How do we balance the right of freedom of religion against
How do we balance the right to jury trials against
How do we balance the right to miranda against
How do we balance the right to due process against
etc etc.
Shall we have CDC studies on the harm caused by the Fourth, Fifth, Sixth and Eighth amendments?
Persons on bail commit violent crime, including murder, at elevated rates. The right to due process and other protections causes the failure to convict or the earlier release of persons who go on to commit other crimes.
Other civil liberties organizations, and for that matter Justice Ginsburg when she was with the ACLU and the Appeals court argued we can't go down that road.

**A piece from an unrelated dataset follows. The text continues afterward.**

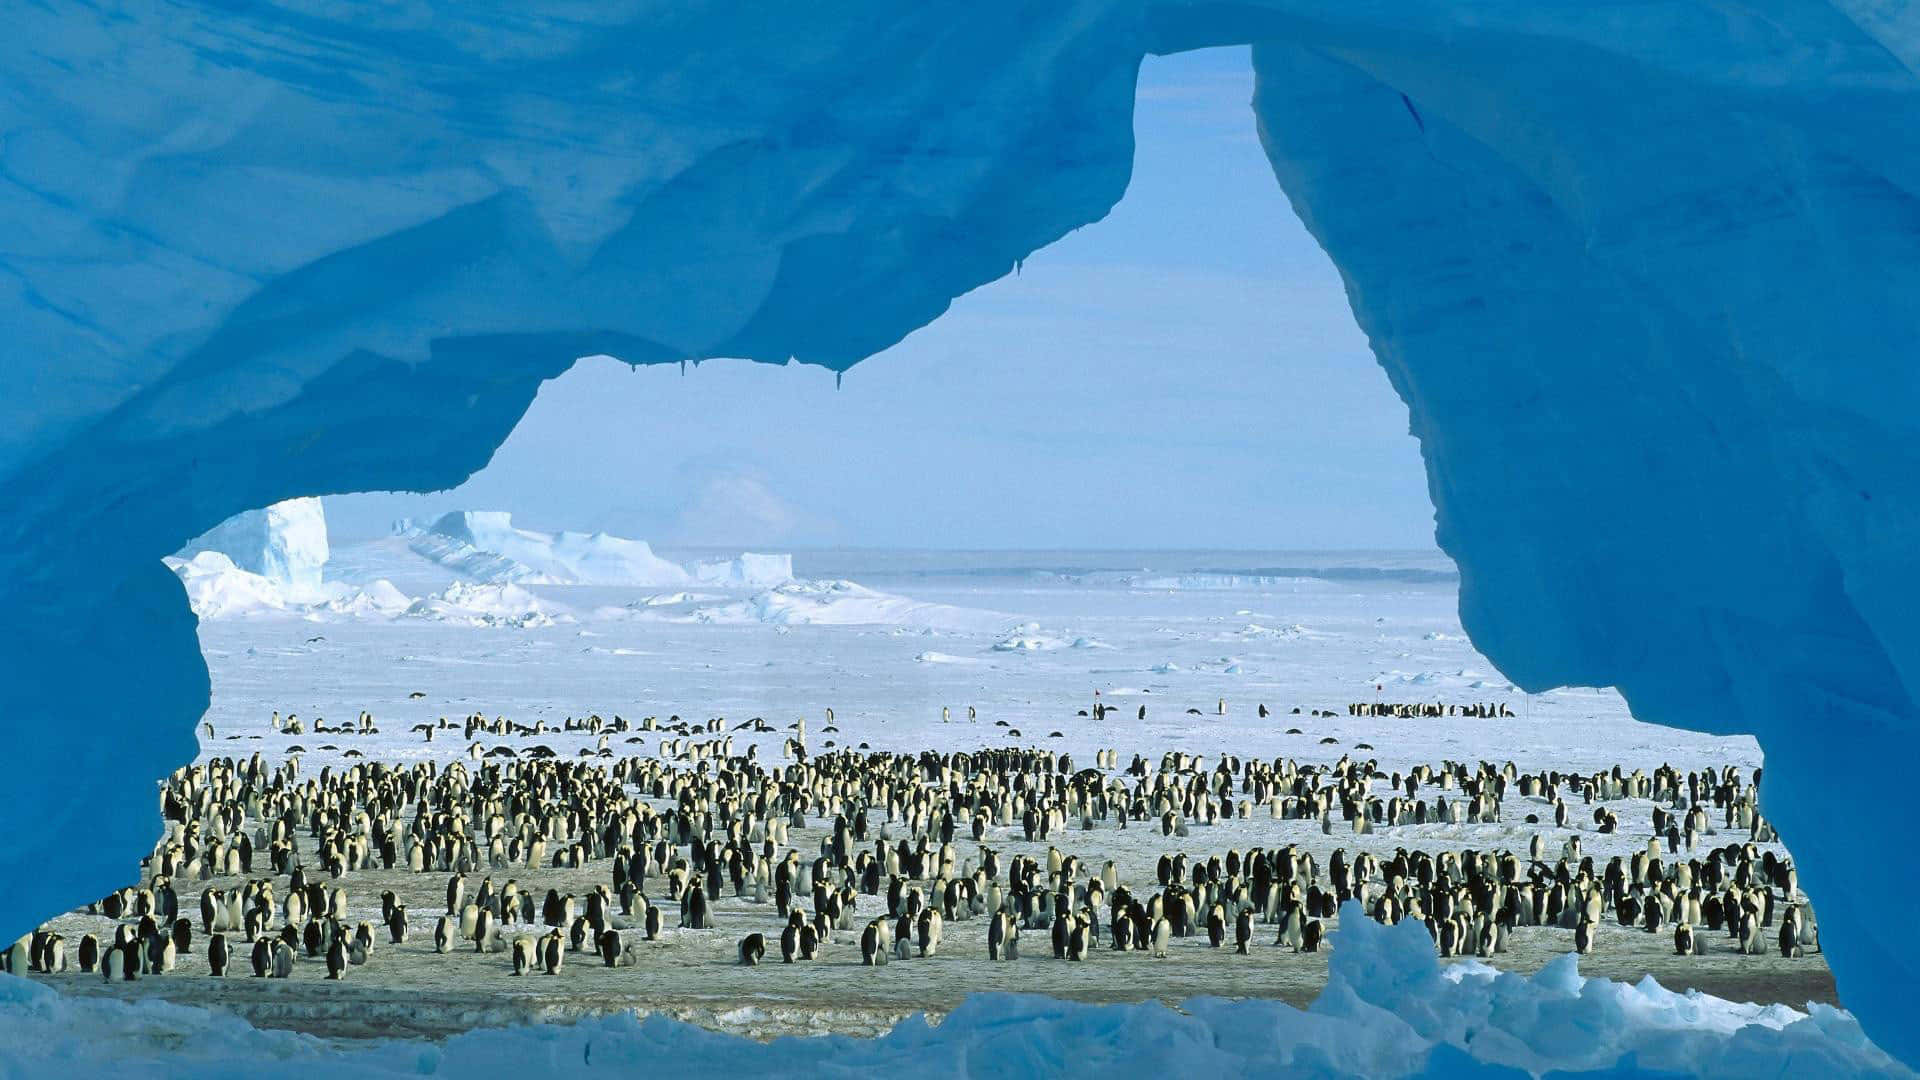 Step into a world of ice and solitude, at the South Pole of Antarctica
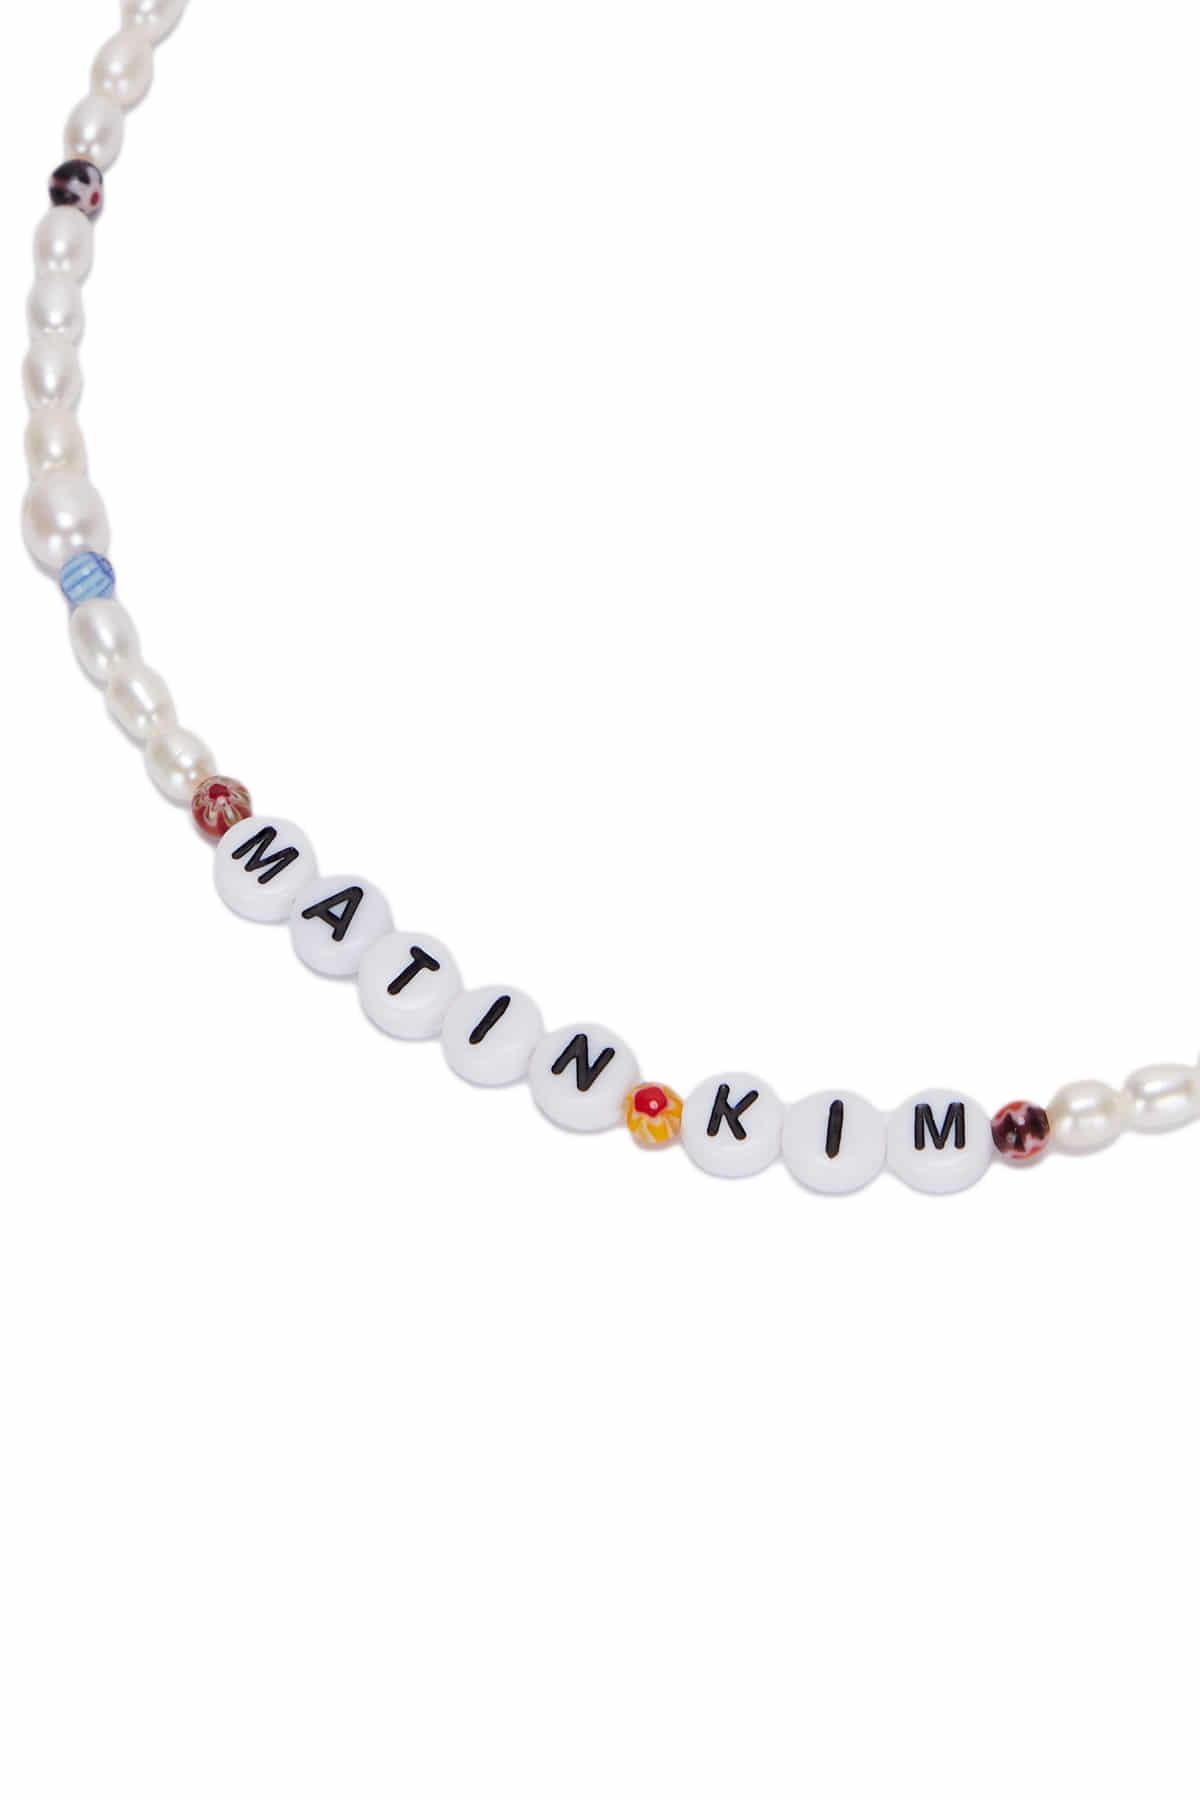 MATIN KIM BEADS NECKLACE IN MIX

The difference in history between free societies and tyrannies is EXACTLY the claim of increased security and rights as "collective." It is precisely that assertion by governments and acceptance by societies that is the FULCRUM.
Intelligent Americans know that there is a graying of the line when it comes to existential threats. Say a nuclear strike. A 3% alleged increase in suicide rates due to guns, and about 2,000 murders per year in a country of 330 million) where the victims are not themselves criminals are not existential or even serious problems on which t lose one bit of liberty.